Что бы для тебя такое сделать,
Чтобы ты ещё, ещё пожил?
…Перекоп. Атаки не дождаться –
Бьёт прожектор на передовой…
В памяти твоей огни Гражданской
И огни Отечественной войн.
И не раз в боях, от взрывов тёмных,
Ты вверялся собственной судьбе.
Сами Ворошилов и Будённый
Руку жали храброму тебе.
А сейчас беспомощным ребёнком,
Молчаливым, строгим, как всегда,
Ты лежишь в тени, от нас в сторонке,
Ветеран сражений и труда.
Но глядишь в глаза ты людям смело –
Не жалел для них ни сил, ни жил.
Что бы для тебя такое сделать,
Чтобы ты, отец, ещё пожил?

Андрей Галамага

Связь

Удел связиста – это ли не рай?
Удачливей на фронте не найдёте.
Наладил связь – сиди и ожидай,
Тебе не лезть под пули, как пехоте…
Я, устранив на линии обрыв,
Ползком открытым полем пробирался.
Со всех сторон гремел за взрывом взрыв,
А немец будто бы с цепи сорвался.
Я цел и невредим дошёл назад.
Не то чтоб думал, ждут меня объятья;
Но лейтенант лишь бросил беглый взгляд:
«Опять обрыв.
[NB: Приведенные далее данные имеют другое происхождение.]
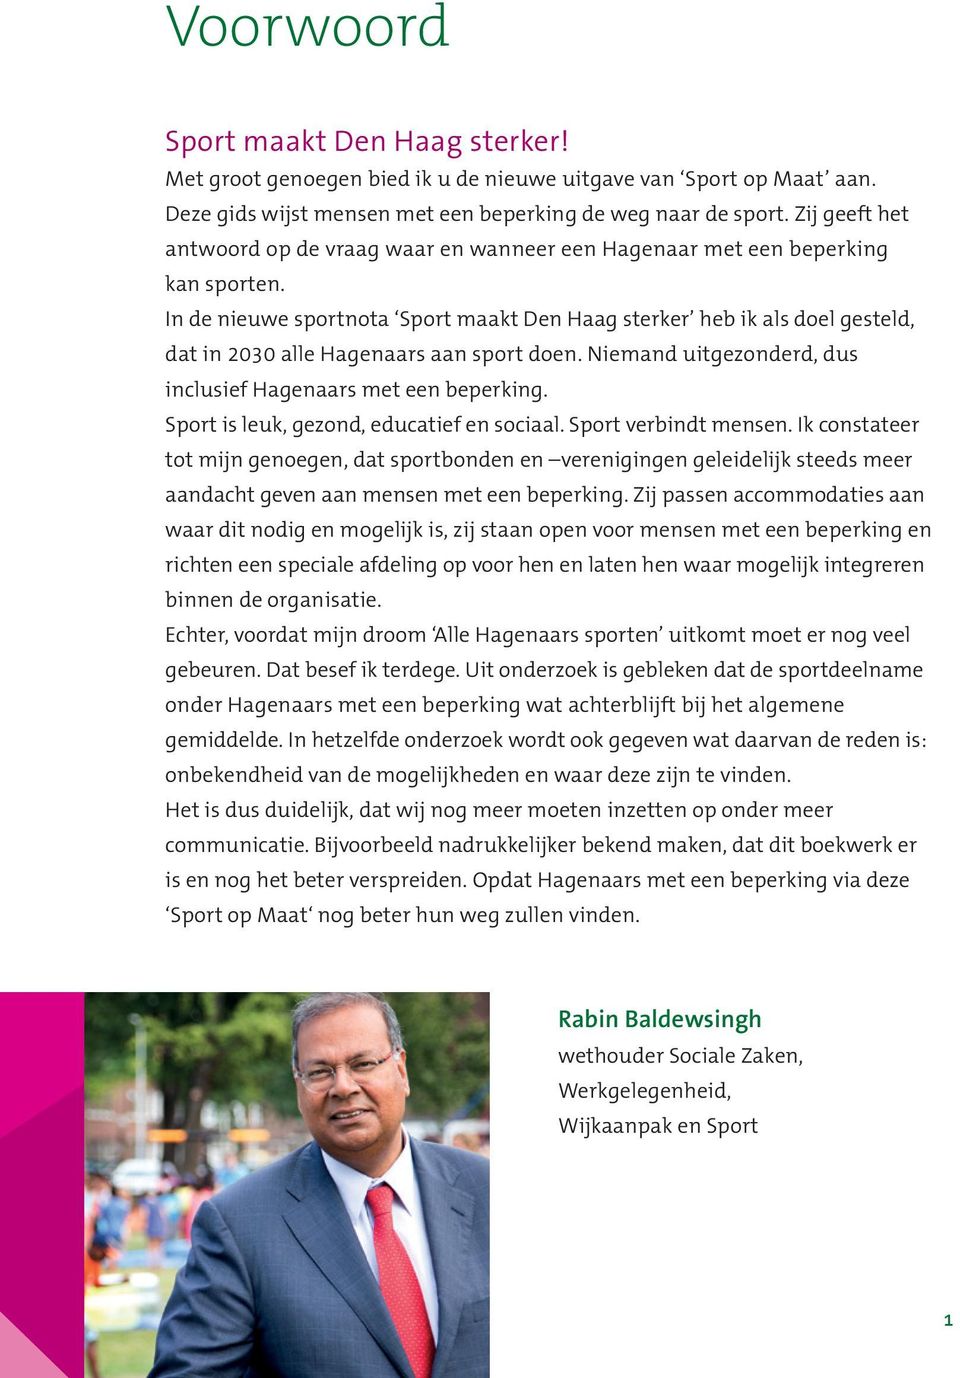 In de nieuwe sportnota Sport maakt Den Haag sterker heb ik als doel gesteld, dat in 2030 alle Hagenaars aan sport doen. Niemand uitgezonderd, dus inclusief Hagenaars met een beperking.
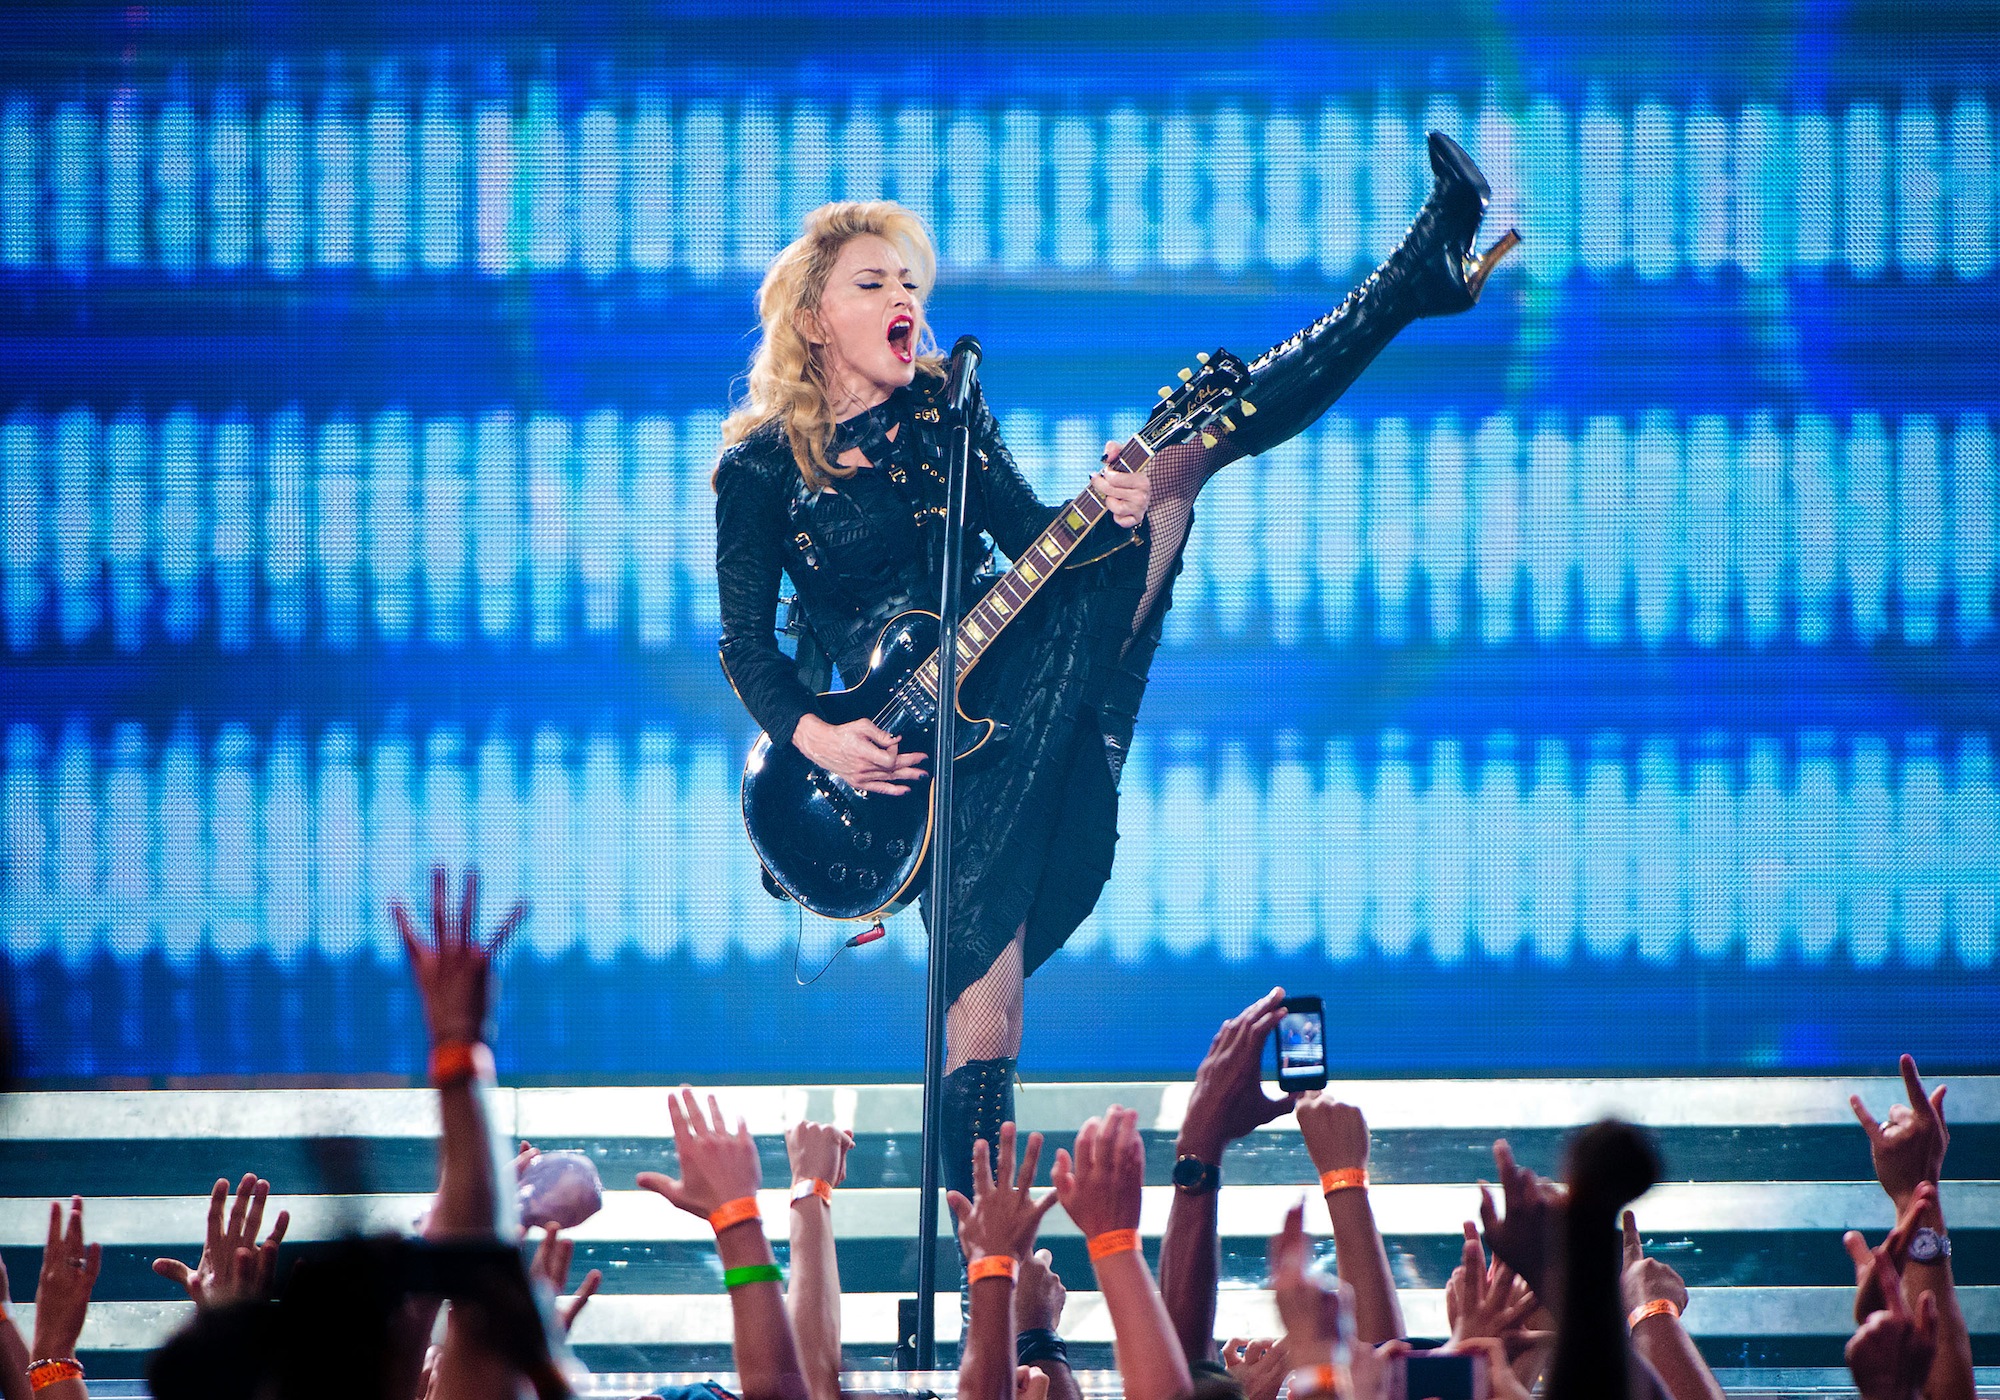 ‘Lengua, Cámara y Acción’: WTF? Madonna Makes How Much!?
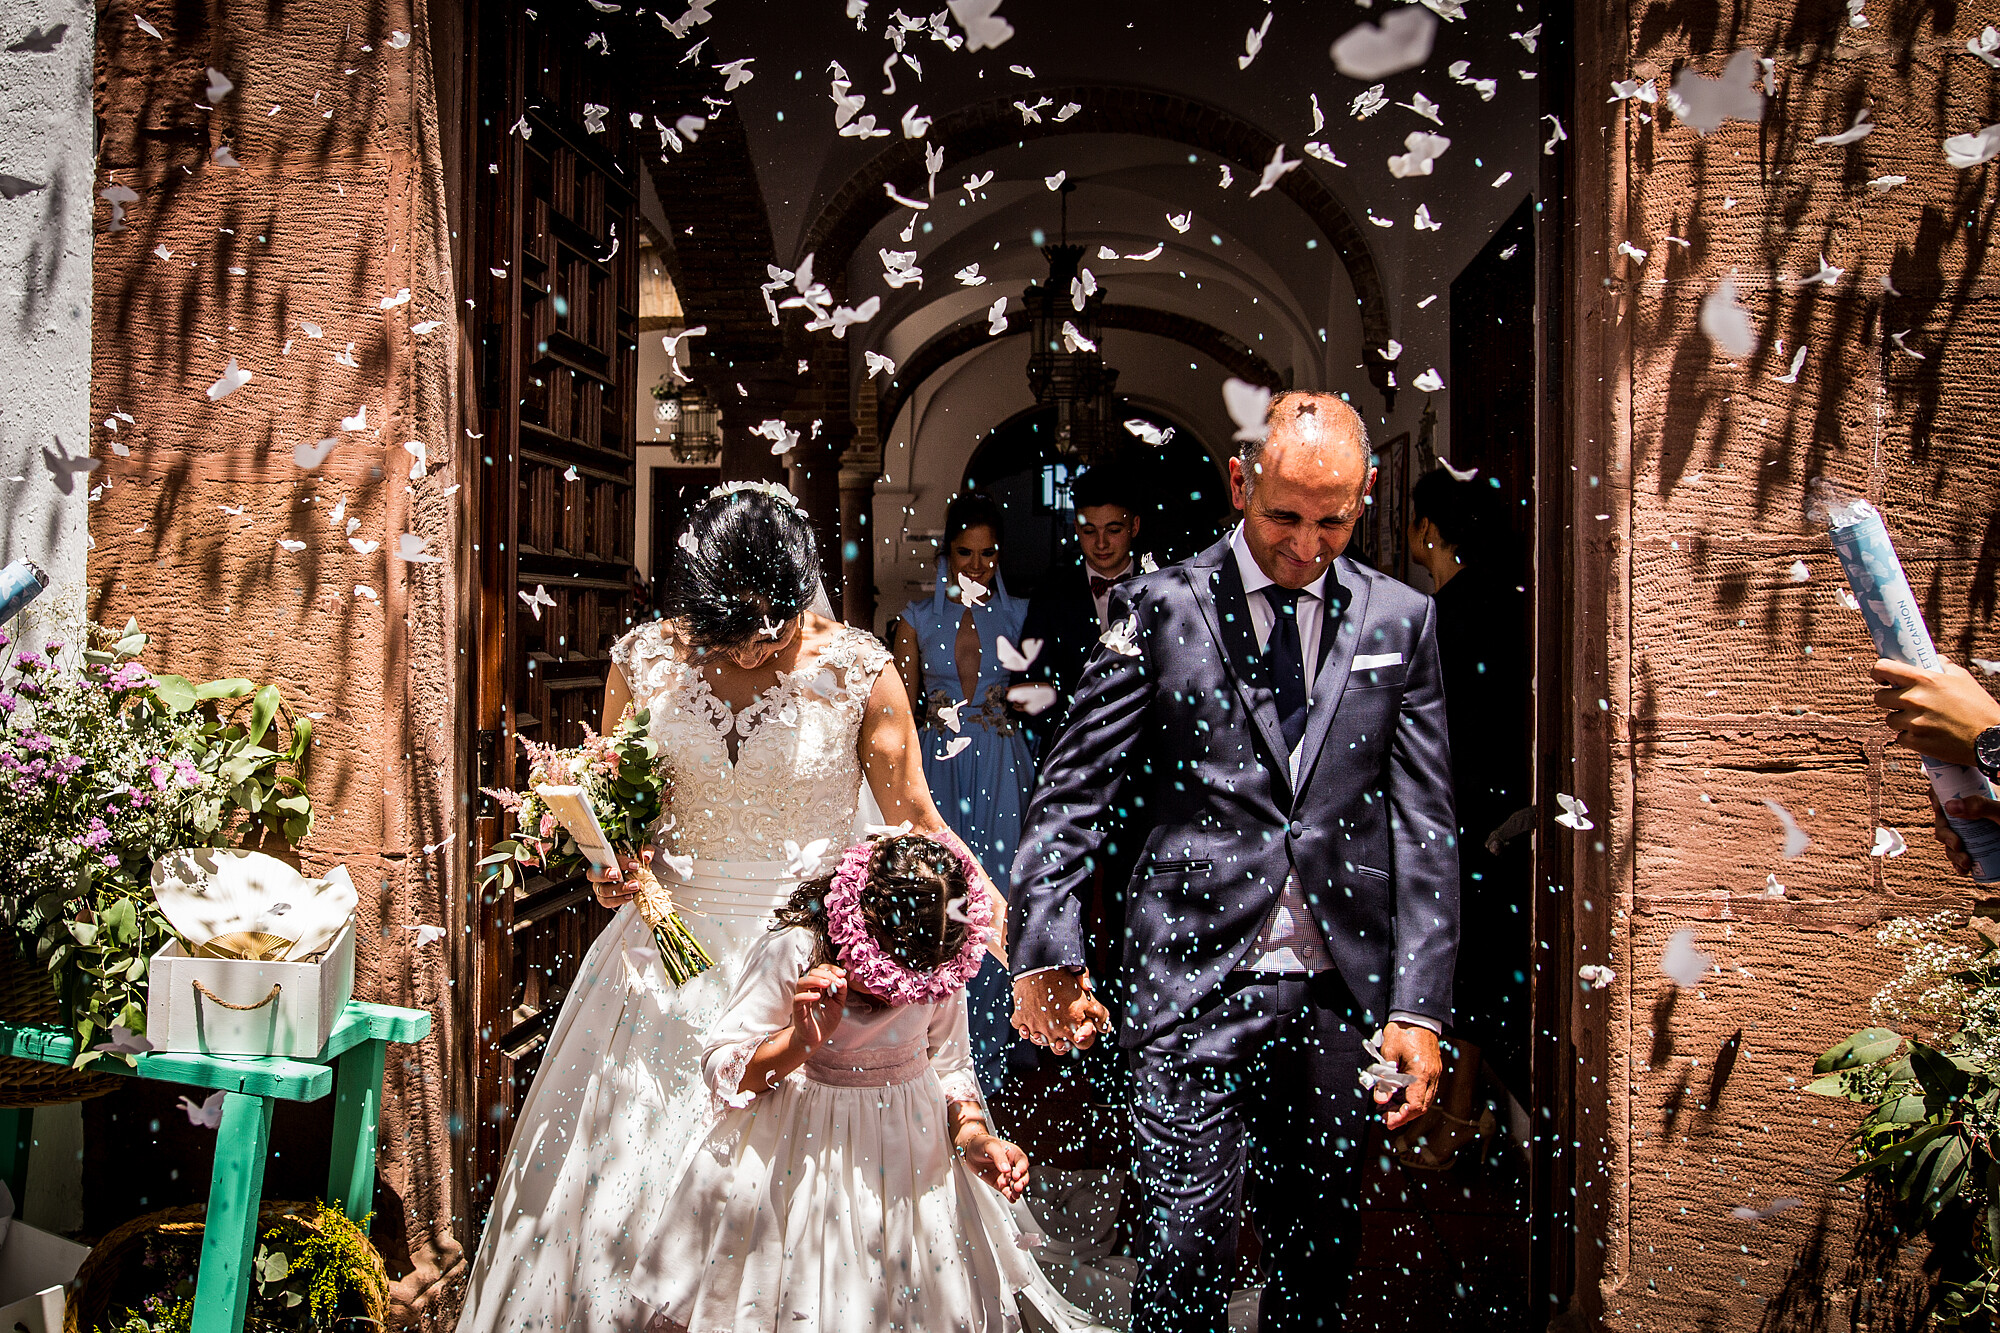 Albuera Morales Fotografía - Fotógrafo de bodas en Montoro - Fotógrafo de bodas en Córdoba y provincia - maria-del-mar-y-alfonso-1188.jpg

Давай, ползи обратно».
И я пополз второй раз в этот ад.
Фашист сплошным ковром по полю стелет,
И каждый пролетающий снаряд,
Казалось, прямо на меня нацелен.
Не буду врать, я страха не скрывал,
Но чувствовал нутром, что не погибну;
И только непрерывно повторял
Рассказанную бабкою молитву.
Мне не избавиться от этих снов.
Но кто однажды видел смерть так близко,
Тот навсегда постиг значенье слов:
На фронте – не бывает атеистов.

Александр Гирявенко

«Что-то нужно забывать, а что-то помнить…»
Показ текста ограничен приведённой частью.